Genotyping results, when combined with epidemiologic data, can help identify persons with TB disease involved in the same chain of transmission. This information adds value to conventional TB control activities in different ways. These applications are summarized as follows:
Patient-Level Applications of Genotyping
Complete Contact Investigations
Connections identified between ≥2 patients with TB (i.e., epidemiologic linkages) that might or might not be otherwise identified through routine contact investigations should be confirmed or refuted using available genotyping results.
Cluster Investigations
Connections suggested by genotyping results that were not established through routine contact investigations should be identified.

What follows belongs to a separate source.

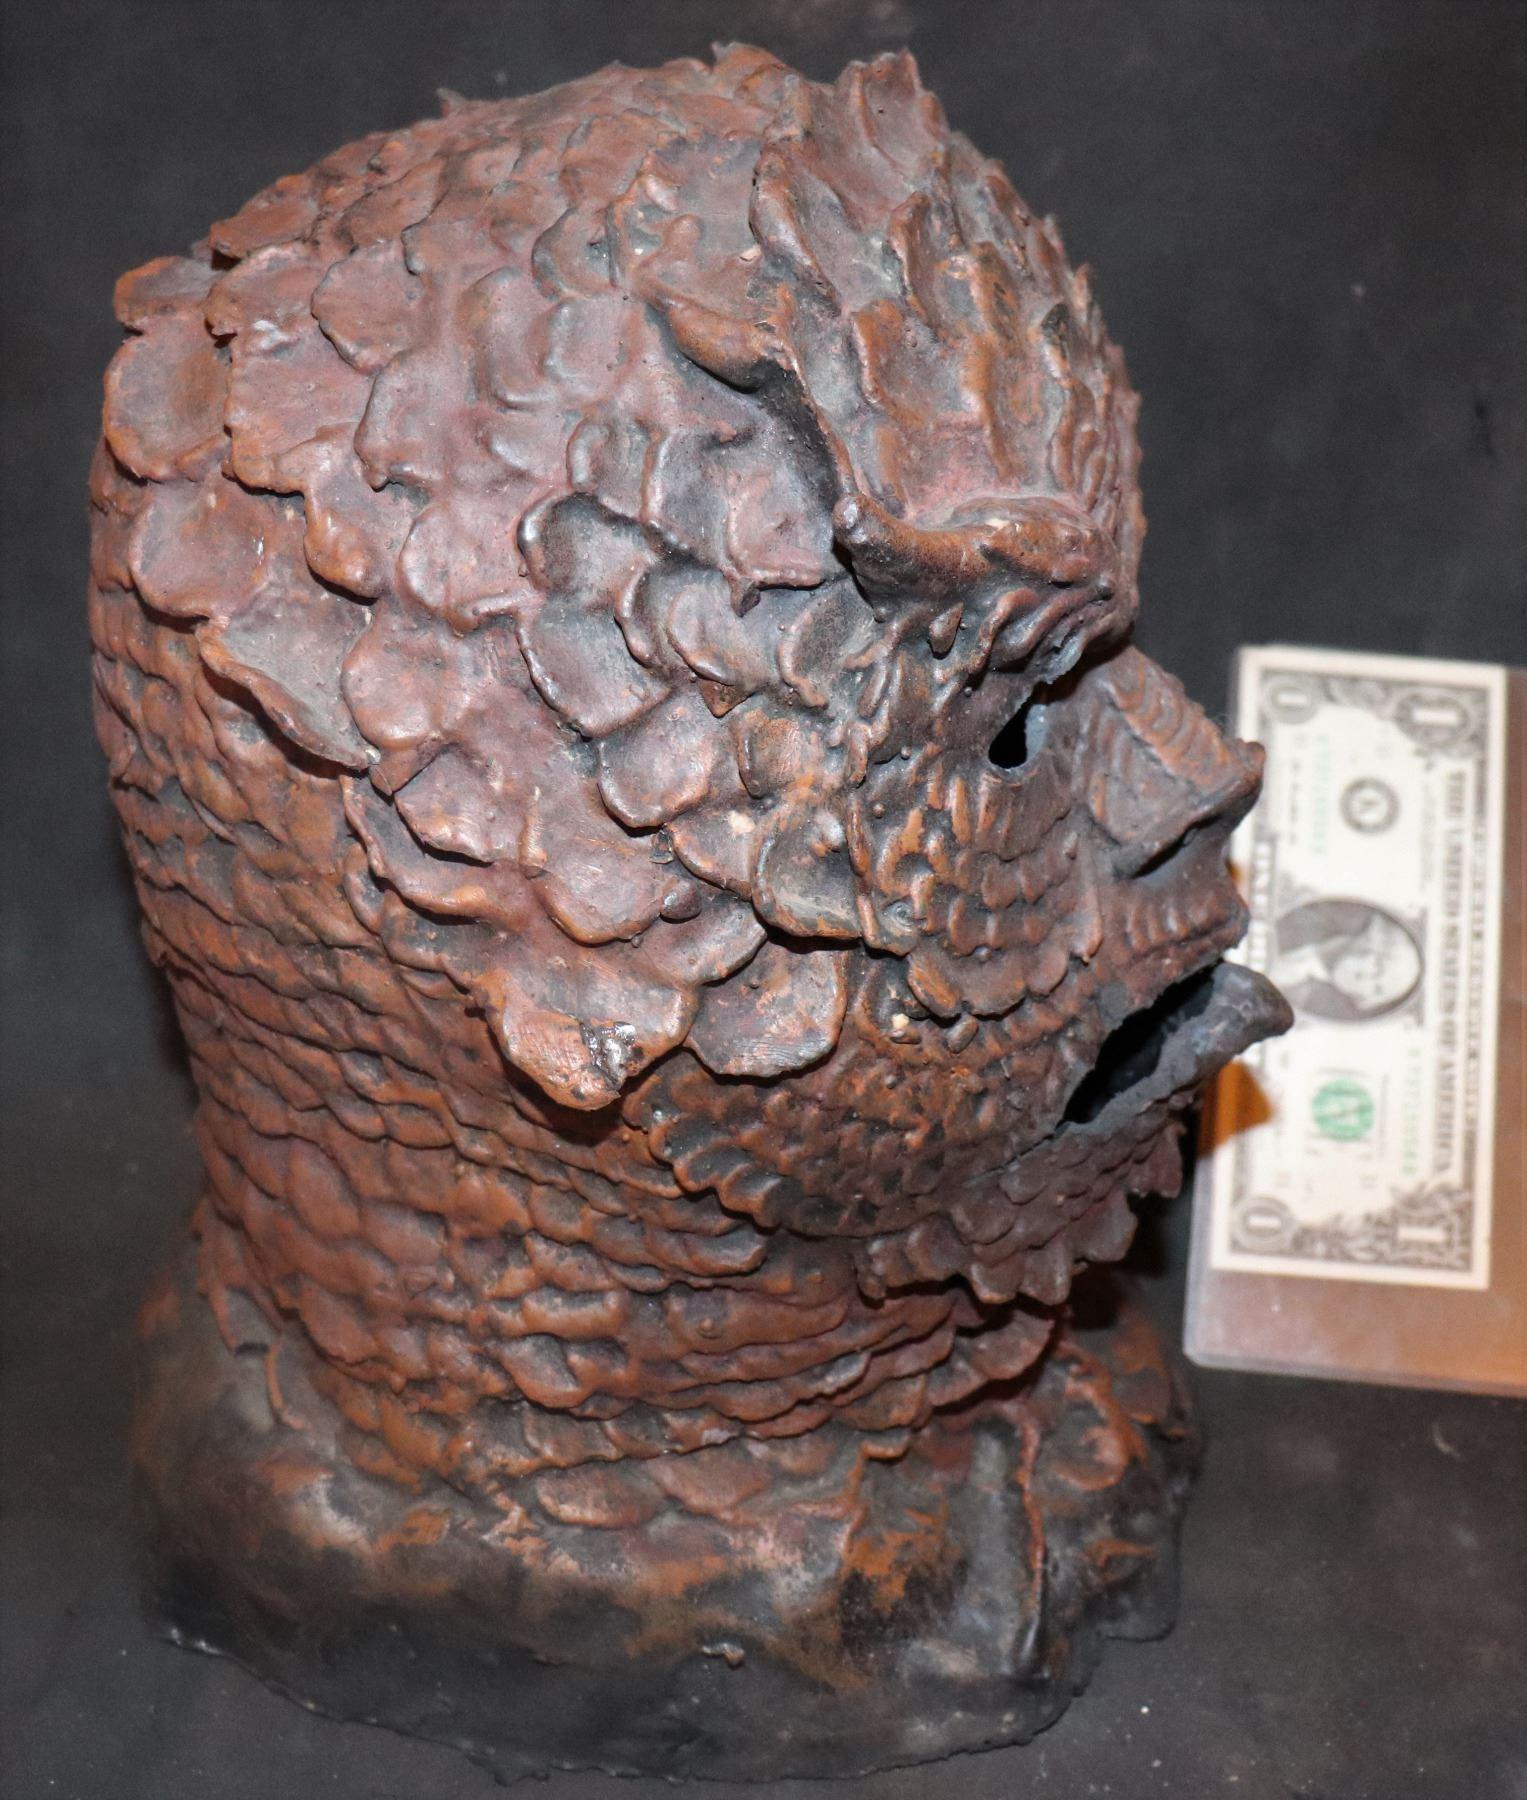 Money talks nude pussy pics
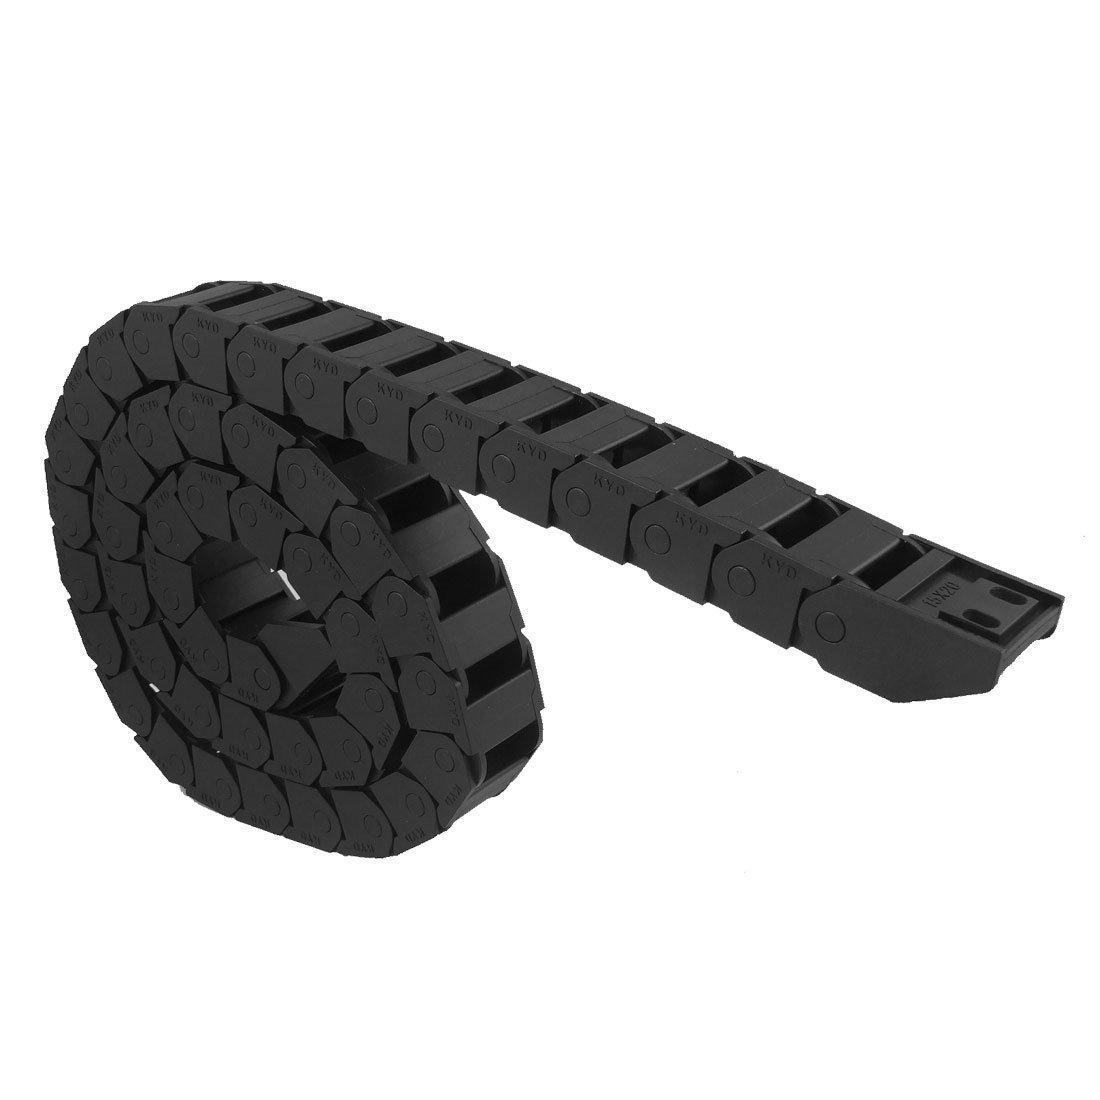 Cadena de arrastre - TOOGOO(R)Cable de remolque Cadena de arrastre de plastico de maquinas herramientas Negro 15 x 20 mm SPHAGT48734

Other patient-level applications include detecting and investigating potential false-positive culture results and distinguishing relapse TB disease from new TB infection (i.e., reinfection) among TB patients with recurrent TB disease.
Population-Level Applications of Genotyping
Outbreak detection, assessment, and monitoring
- Identify genotype clusters that could represent an outbreak using geospatial or other analyses.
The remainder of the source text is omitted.